Emiliania huxleyi is a globally important marine phytoplankton that is routinely infected by viruses. Understanding the controls on the growth and demise of E. huxleyi blooms is essential for predicting the biogeochemical fate of their organic carbon and nutrients. In this study, we show that the production of nitric oxide (NO), a gaseous, membrane-permeable free radical, is a hallmark of early-stage lytic infection in E. huxleyi by Coccolithoviruses, both in culture and in natural populations in the North Atlantic. Enhanced NO production was detected both intra- and extra-cellularly in laboratory cultures, and treatment of cells with an NO scavenger significantly reduced viral production. Pre-treatment of exponentially growing E. huxleyi cultures with the NO donor S-nitroso-N-acetylpenicillamine (SNAP) prior to challenge with hydrogen peroxide (H2O2) led to greater cell survival, suggesting that NO may have a cellular antioxidant function.

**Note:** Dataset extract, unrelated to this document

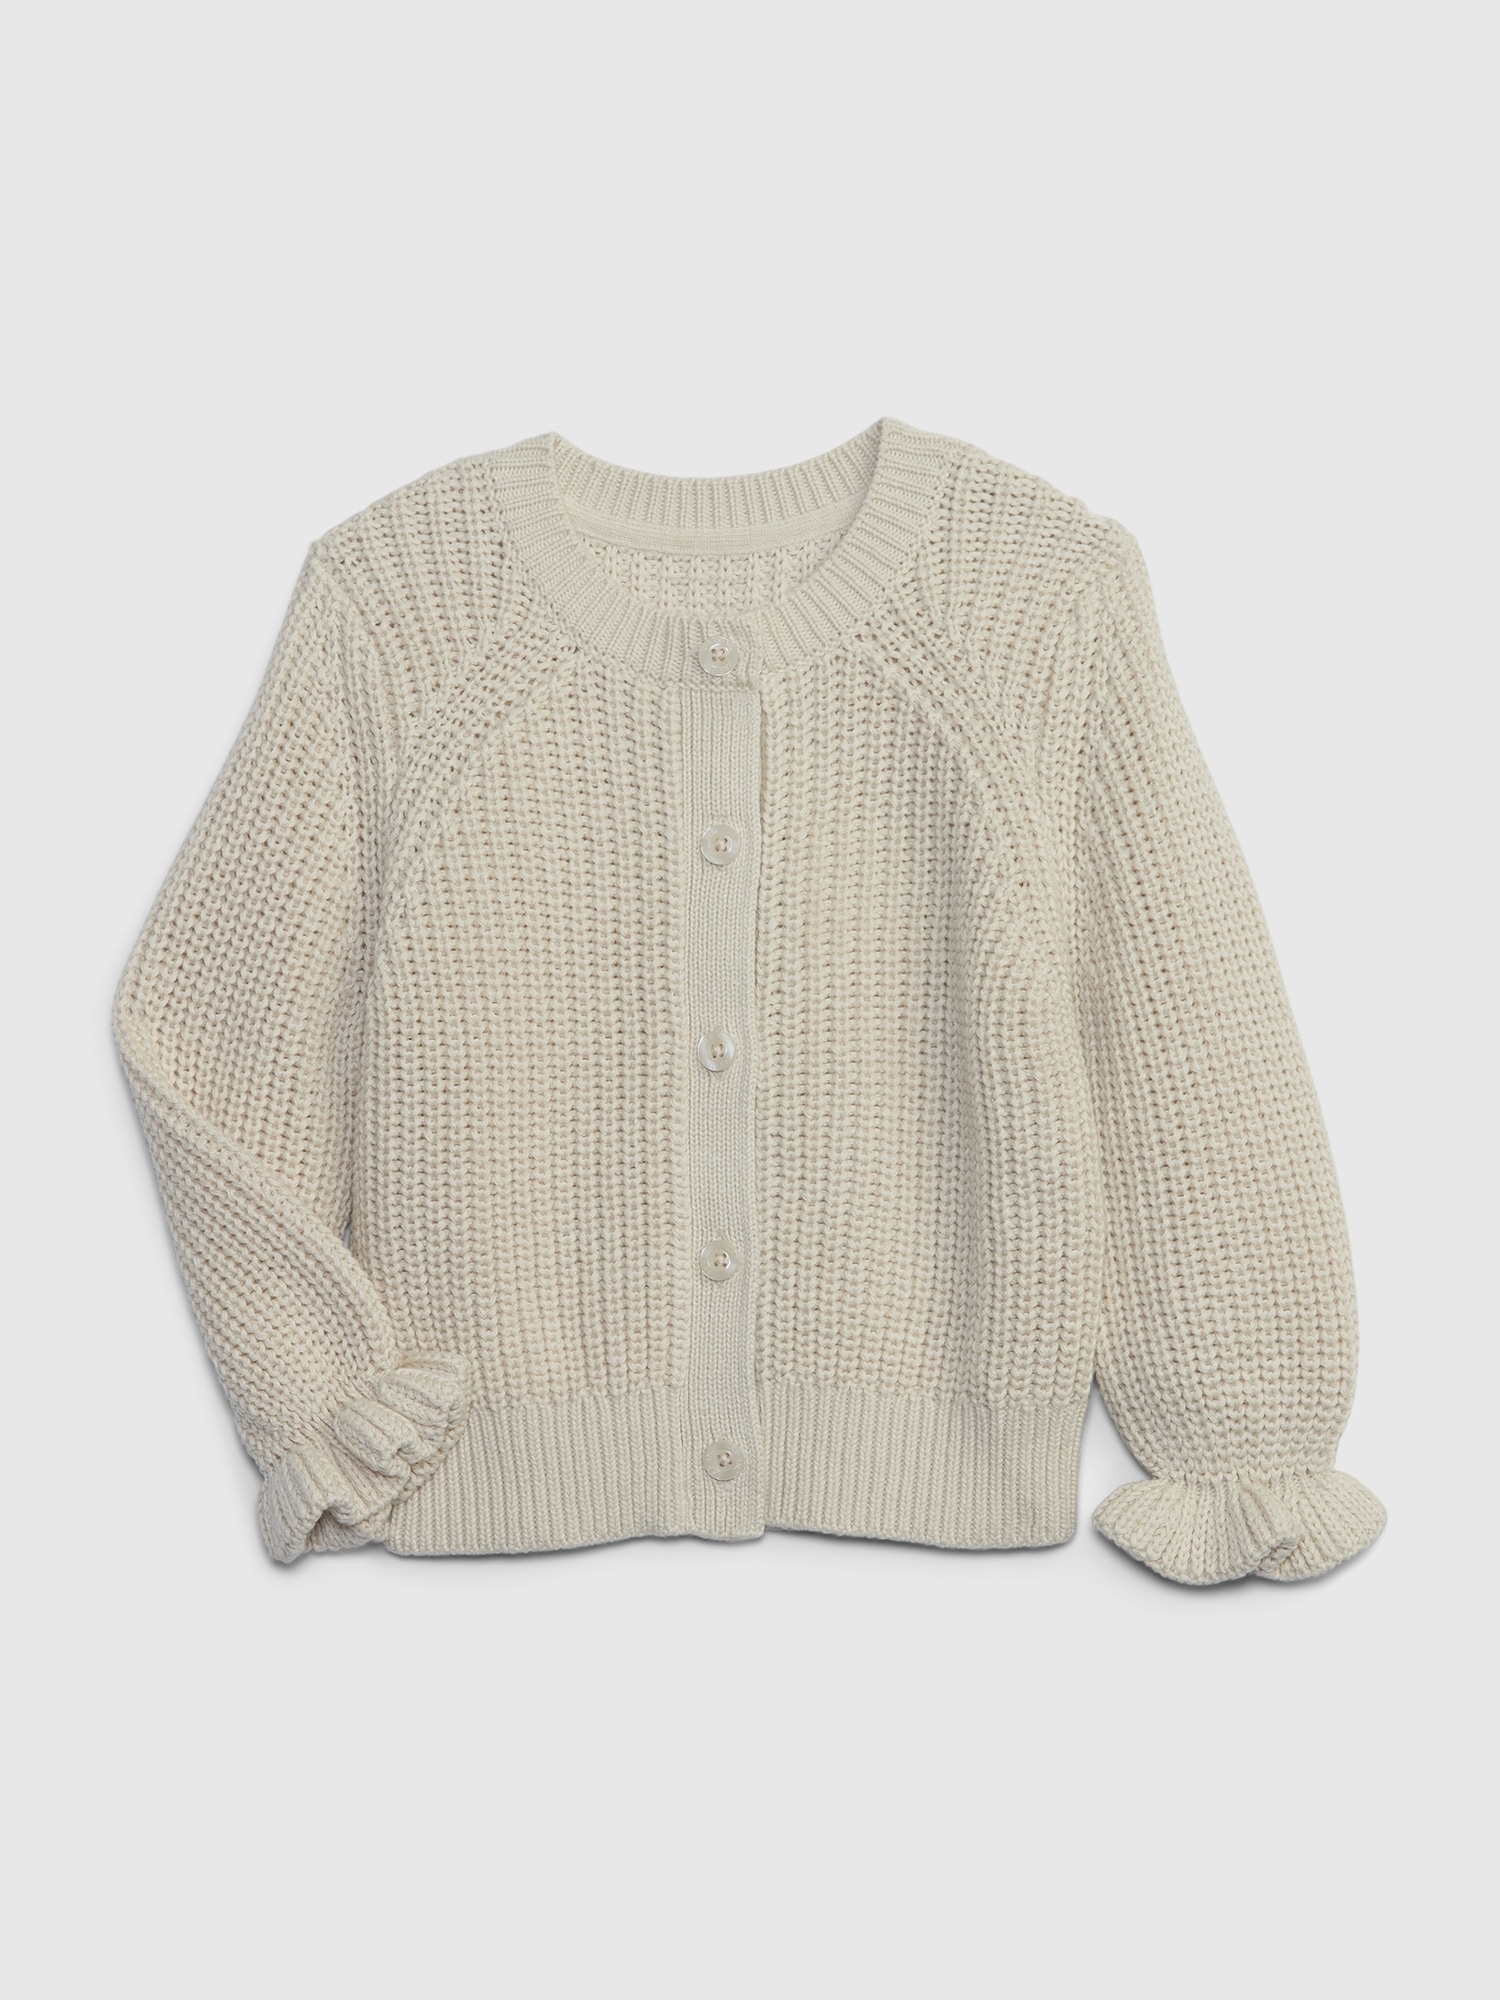 neutral knitted girls sweater

Indeed, cell lysates generated from cultures treated with SNAP and undergoing infection displayed enhanced ability to detoxify H2O2. Lastly, we show that fluorescent indicators of cellular ROS, NO, and death, in combination with classic DNA- and lipid-based biomarkers of infection, can function as real-time diagnostic tools to identify and contextualize viral infection in natural E. huxleyi blooms.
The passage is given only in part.